𝟒. 𝐃𝐨𝐞𝐬 𝐂𝐫𝐢𝐦𝐢𝐧𝐚𝐥𝐢𝐬𝐢𝐧𝐠 𝐔𝐧𝐥𝐢𝐜𝐞𝐧𝐬𝐞𝐝 𝐎𝐩𝐞𝐫𝐚𝐭𝐢𝐨𝐧 𝐒𝐞𝐫𝐯𝐞 𝐀𝐧𝐲 𝐏𝐫𝐨𝐩𝐨𝐫𝐭𝐢𝐨𝐧𝐚𝐭𝐞 𝐏𝐮𝐫𝐩𝐨𝐬𝐞?
The publicly accessible version of the Bill makes it illegal to operate an ICT business without a licence and imposes fines or imprisonment, or both. One crucial question arises if the Minister’s scope guarantee is accurate and exclusively relates to IT services and equipment providers to government:
a) Why does failure of an IT service provider to government registration warrant criminal sanction rather than administrative disqualification from tendering?
Every other procurement regime in Ghana handles non-compliance through civil and administrative measures, including contract rejection, deregistration, and state-imposed financial penalties. No serious procurement framework criminalises businesses for failing to register.
If, on the other hand, the criminal prohibitions expand beyond government contractors to the wider digital economy, the initial issue remains completely valid: freelance developers, student coders, startups, and small software firms face criminal exposure simply for operating without state approval.
b) What specific, documented public harm does this criminalisation address that cannot be remedied by administrative and civil mechanisms?
c) Will the government commit, in the revised Bill, to replacing criminal penalties with proportionate administrative sanctions?
Criminal law should be a last resort, not a first instrument of regulatory compliance.
𝟓. 𝐈𝐬 𝐭𝐡𝐞 𝟏% 𝐋𝐞𝐯𝐲 𝐆𝐨𝐧𝐞, 𝐨𝐫 𝐉𝐮𝐬𝐭 𝐑𝐞𝐥𝐨𝐜𝐚𝐭𝐞𝐝?
The Minister confirmed that the 1% gross revenue levy had been eliminated. GALT acknowledges this. However, because the current Cabinet wording is missing, we cannot confirm whether equivalent extraction has been reintroduced by other means, such as increased licence fees, renewal charges, or transaction-based levies.
The pricing schedule presented during the consultation ranges from $55 to $3,055, depending on the service category. While the Minister referred to these as “small compared to what businesses charge the government,” this framing is inaccurate. Fee proportionality should be measured against the cost of compliance and economic viability, not against contract values.

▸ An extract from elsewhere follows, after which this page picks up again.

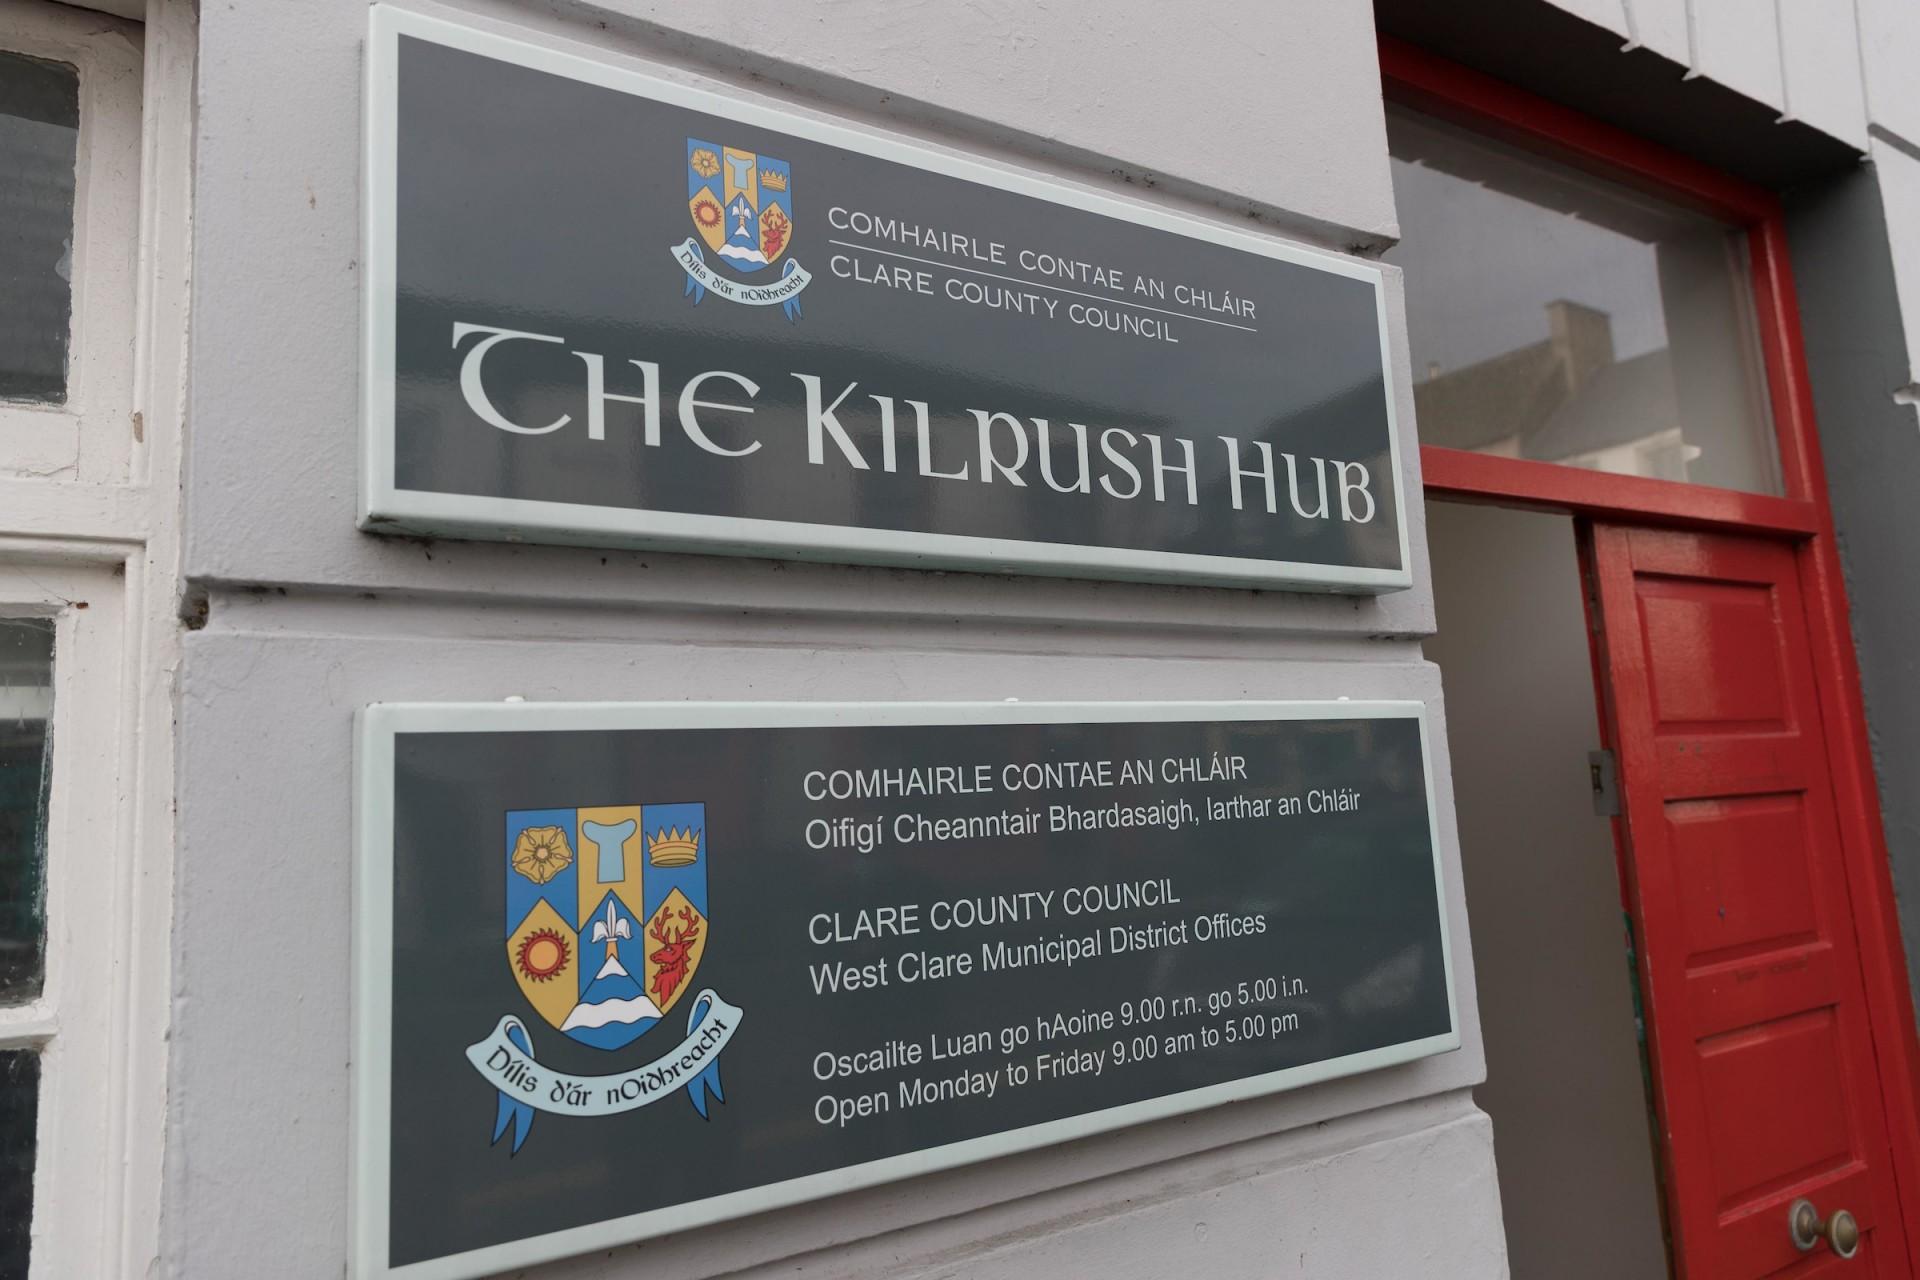 DigiClare - The Kilrush Hub

a) Will the government publish the full, current fee schedule in the updated Bill text for public scrutiny?
b) Has a Regulatory Impact Assessment been conducted on the cumulative cost burden — including licence fees, renewal fees, compliance obligations, and administrative time — on ICT SMEs and startups?
c) Will the government commit that no new revenue extraction mechanism has been substituted for the removed 1% levy in Version 4.0/5.0 of the NITA Bill?

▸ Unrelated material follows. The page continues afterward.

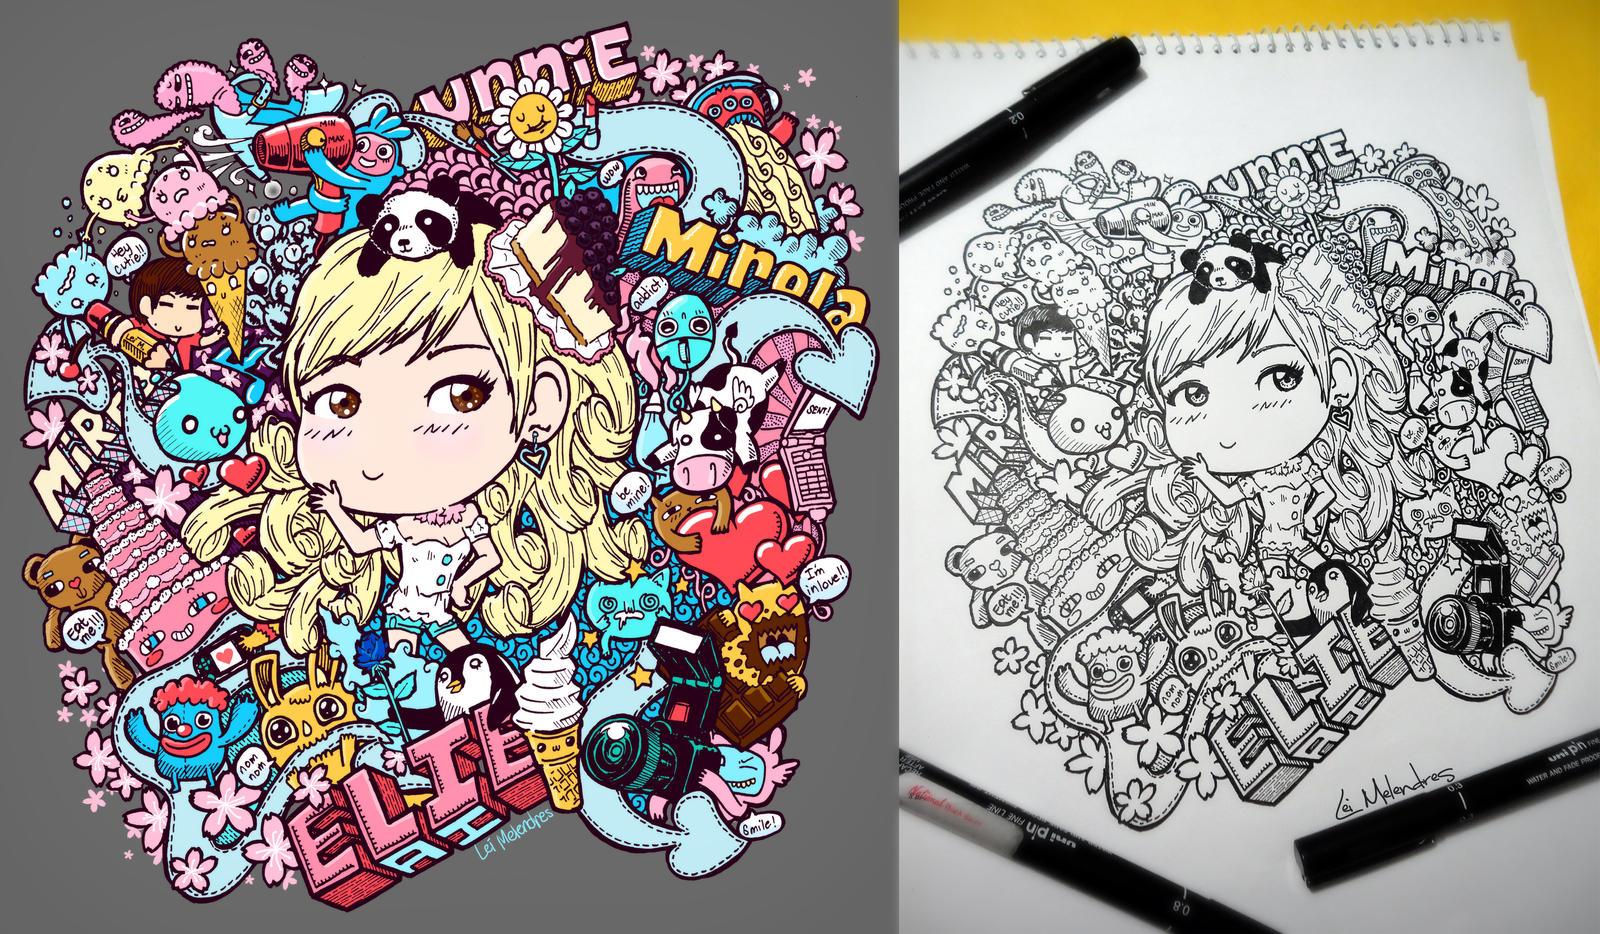 Doodle Blondie by LeiMelendres

The removal of the gross revenue levy is welcome. Its replacement with a different type of extraction would be a purely cosmetic concession rather than a substantive one.
𝟔. 𝐇𝐨𝐰 𝐃𝐨𝐞𝐬 𝐒𝐞𝐜𝐭𝐢𝐨𝐧 𝟒𝟔 𝐈𝐧𝐭𝐞𝐫𝐚𝐜𝐭 𝐖𝐢𝐭𝐡 𝐭𝐡𝐞 𝐎𝐧𝐞 𝐌𝐢𝐥𝐥𝐢𝐨𝐧 𝐂𝐨𝐝𝐞𝐫𝐬 𝐏𝐫𝐨𝐠𝐫𝐚𝐦𝐦𝐞?
Section 46 of the Bill, as currently circulated, prohibits employment as an ICT specialist without NITA certification. The Minister did not withdraw or significantly amend this provision during the consultation. The government is also promoting the One Million Coders Programme, which aims to cultivate digital talent on a large scale.
The conflict is systemic, not incidental. A programme meant to train hundreds of thousands of coders cannot coexist with legislation that makes those coders unemployed until they obtain state certification — especially if:
• Certification timelines are long or capacity is limited.
• Certification costs are prohibitive for recent graduates.
• There is no automatic certification pathway for programme graduates.
• How does the government plan to certify One Million Coders graduates at scale?
• What is the certification cost, processing timeline, and pass/fail framework?
• Will programme graduates automatically receive provisional certification upon completion?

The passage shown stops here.